[10:59:48] --- leslie-ietf has joined
[11:51:28] --- dthaler has joined
[11:52:13] * dthaler has changed the subject to: SAFE - Self-Address Fixing Evolution BoF
[11:57:17] --- alfredh has joined
[11:59:10] --- leslie-ietf has left
[11:59:32] --- richard.barnes has joined
[12:00:15] --- lars.eggert@googlemail.com has joined
[12:02:36] --- TJ has joined
[12:05:38] --- magnus has joined
[12:05:41] <dthaler> Problem statement and scope ......................... (Wing, 15)

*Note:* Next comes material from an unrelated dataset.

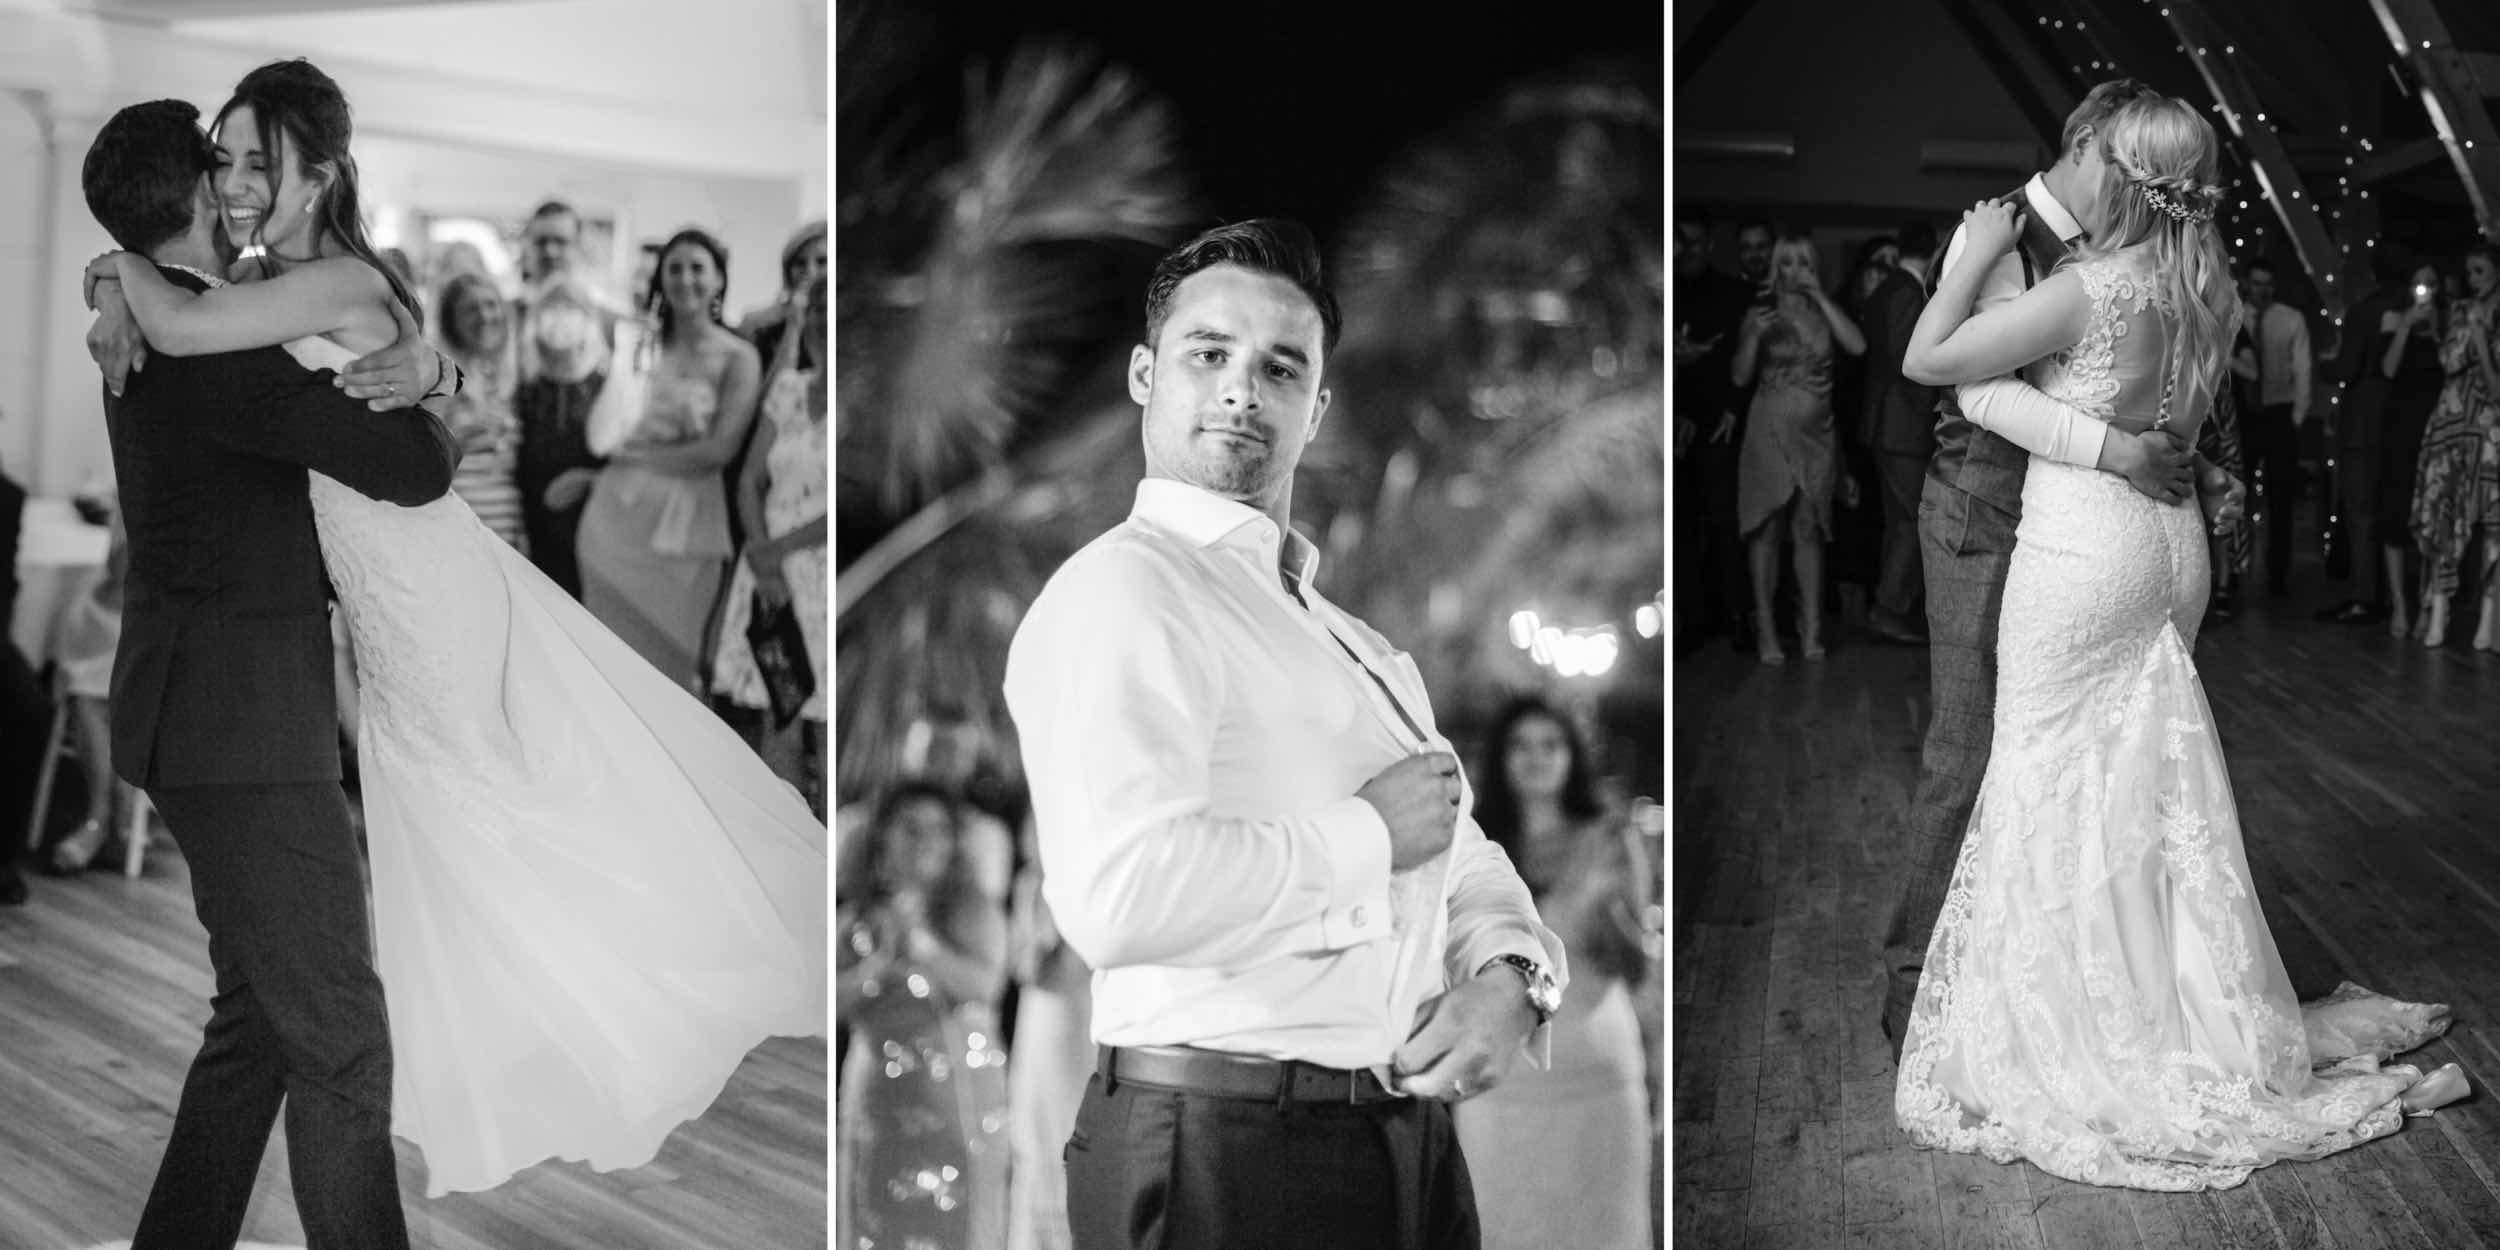 wedding-dance.jpg

[12:07:43] --- presnick has joined
[12:08:16] --- dcrocker has joined
[12:09:10] --- leslie-ietf has joined
[12:12:16] --- presnick has left
[12:12:59] --- TJ has left
[12:13:32] --- jiang_xing_feng has joined
[12:14:07] --- resnick has joined
[12:16:57] --- jiang_xing_feng has left
[12:17:28] <dcrocker> content on this session seems a bit thin, so far.
[12:19:04] --- nm has joined
[12:20:40] <dthaler> discussion of whether scope should be limited to UDP, since problems happen with TCP too
[12:20:49] <dthaler> (scope of the BOF)
[12:22:24] <dthaler> Survey of existing work ........................... (Barnes, 30)
[12:22:29] <leslie-ietf> (thanks dave!)
[12:22:30] <dthaler> draft-eggert-middlebox-control-survey-01.txt
[12:22:57] <dthaler> surveyed only 12 of the protocols out there
[12:25:47] <dcrocker> (anytime, leslie...)
[12:26:40] <dthaler> going through the key features of each protocol surveyed
[12:30:52] <dthaler> someone at mike mentioned H.248.37 is another
[12:31:16] <dthaler> lars: yeah there's other protocols not surveyed because we couldn't find someone to write a paragraph on it
[12:32:17] <dthaler> comparison slide showing protocol, Implemented (Y/N), Widely Deployed (Y/N), Supports Incremental Deployment (Y/N)
[12:35:23] <dthaler> definition of last column is unclear and debatable
[12:36:17] --- badra has joined
[12:36:52] <dthaler> next comparison slide has columns: Keepalive reqd?, Interacts directly with middlebox?, Security between middlebox and endpoint?
[12:37:02] <dthaler> (last column is authentication & authorization)
[12:37:47] <dthaler> next comparison slide has questions: Topology Aware?, Supports nested NATs?, Supports diverse environments/endpoints?
[12:38:32] <dthaler> unclear what definition of topology aware is
[12:39:01] <dthaler> (presenter is not an author of the draft, but rather a neutral party...)
[12:41:52] --- jiang_xing_feng has joined
[12:43:03] <dthaler> interrupting regular discussion, current discussion/clarification about purpose of bof (non-wg forming)
[12:43:49] <dthaler> ok back to the slide...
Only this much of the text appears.